Add 1 or 2 cloves minced garlic.
Chop 1 or 2 Tofurky Spicy Italian fake sausages, and brown in the pan with the onions.
Add a handful or two of sliced mushrooms (button are fine, cremini or portobello will give you a slightly different, but still yummy sauce), and some flaked red pepper.
Add any of the following: Some chopped red pepper (you can roast it first, if you want), some chopped sun-dried tomatoes, some canned or cooked chickpeas, some chopped fresh basil, anything else you think tastes good in pasta sauce (I can see adding black olives, for example, except that I hate olives. so I don't).

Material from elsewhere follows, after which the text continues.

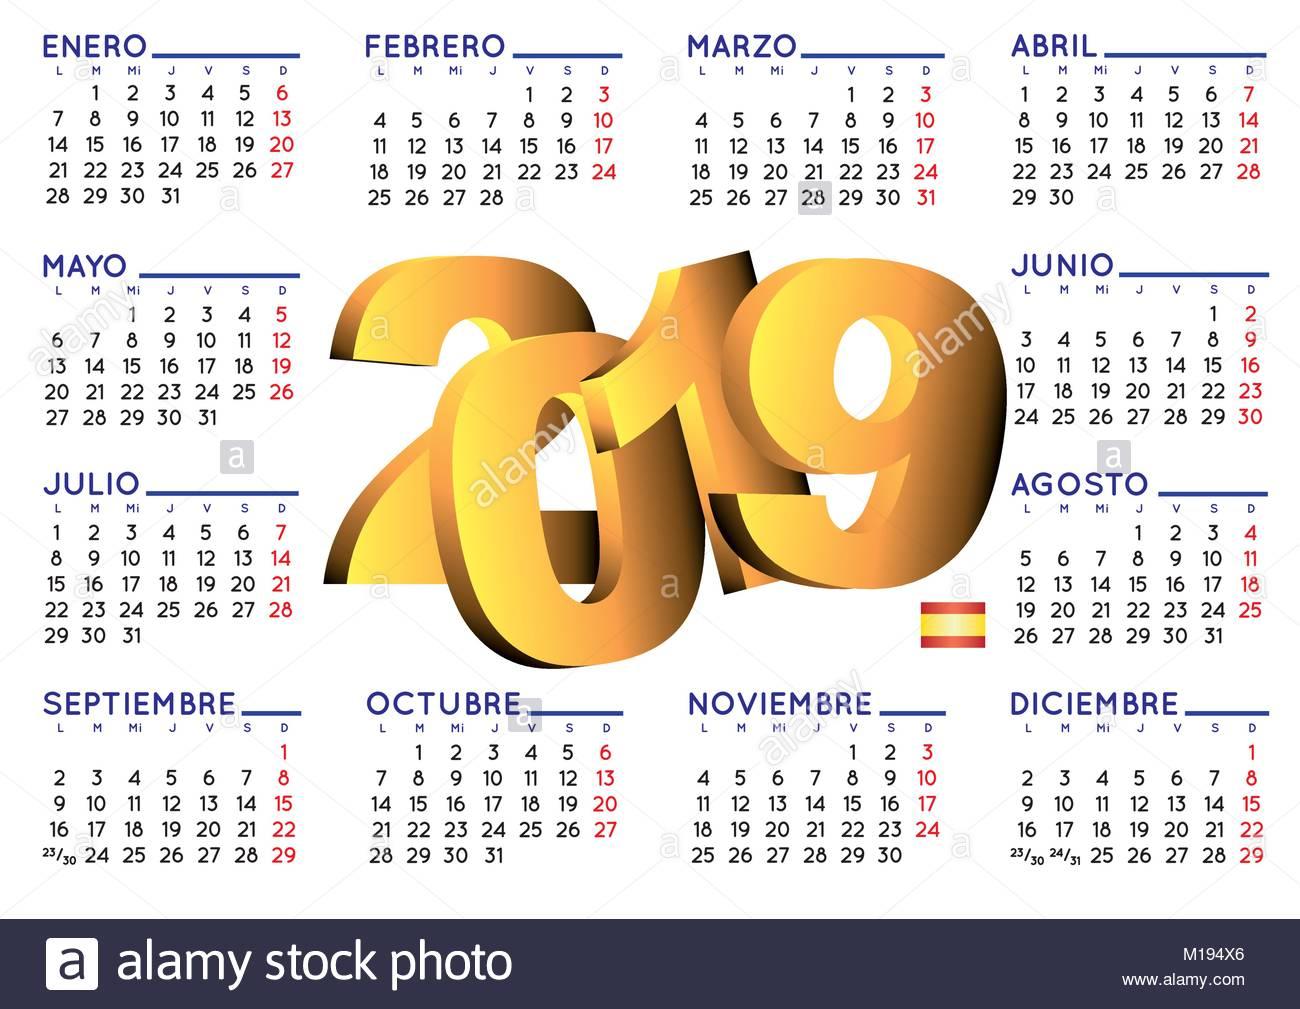 Calendario Vectorizado.Calendario 2019 2019 Elegant Calendar In Spanish Year 2019

If you're using crushed tomatoes, you may wish, at this point, to add some oregano, or Italian seasoning.
Cover with your preferred sauce/crushed tomato solution and serve over pasta with grated Parmesan or Romano cheese.
no subject
Date: 2012-04-05 04:20 pm (UTC)no subject
Date: 2012-04-05 04:23 pm (UTC)no subject
Date: 2012-04-05 05:55 pm (UTC)I have done: it involves scalding and peeling tomatoes, for which life is IME generally too short unless one is canning or freezing two or three bushels and can set up an assembly-line sort of approach, at which point the set-up and clean-up become a more tolerable percentage of your cooking time.
no subject
Date: 2012-04-06 03:08 am (UTC)no subject
Date: 2012-04-06 03:11 am (UTC)no subject
Date: 2012-04-06 05:27 am (UTC)1. Remember to take the olive oil out of the fridge so it's warm enough to pour
2. Cook 2-3 sausages (in our case on the BBQ, but can be however works for you)
3. At the same time, chop a bunch of broccoli into bite-sized florets. Peel as much of the stems as you want to eat (just roughly with your knife, don't be fancy), and chop them into bite-sized pieces
4. Steam the broccoli
5. At the same time, boil a package of small pasta until al dente. Drain & return to pot.
6. Pour a glog of olive oil over the pasta. Add some dried oregano and dried chili flakes (1-2 tsp each or the inside dip of your palm), crushing them between your hands as you add them. Stir.
7. Stir in the steamed broccoli.
8. Slice cooked sausages into thin round slices. Add in and stir.
9. Serve with good grated Parmesan, Romano, or Asiago.
(It qualifies as half-homemade because of the sausages ... but it's close enough to homemade for me. Just about any sausage works for this. If you're vegetarian, skip the sausages or replace them with another veggie or protein of your choice.)
no subject
Date: 2012-04-07 05:24 am (UTC)no subject
Date: 2012-04-07 05:31 am (UTC)Voila: one-pot cooking and one-bowl dining, virtually fat free (I do not add the recommended oil). Bonus: adding the veggies really stretches the yield, so instead of three meals you have five or six. (Meals = meals for one; I'm single and it shows.) Plus it's freezable if you get bored.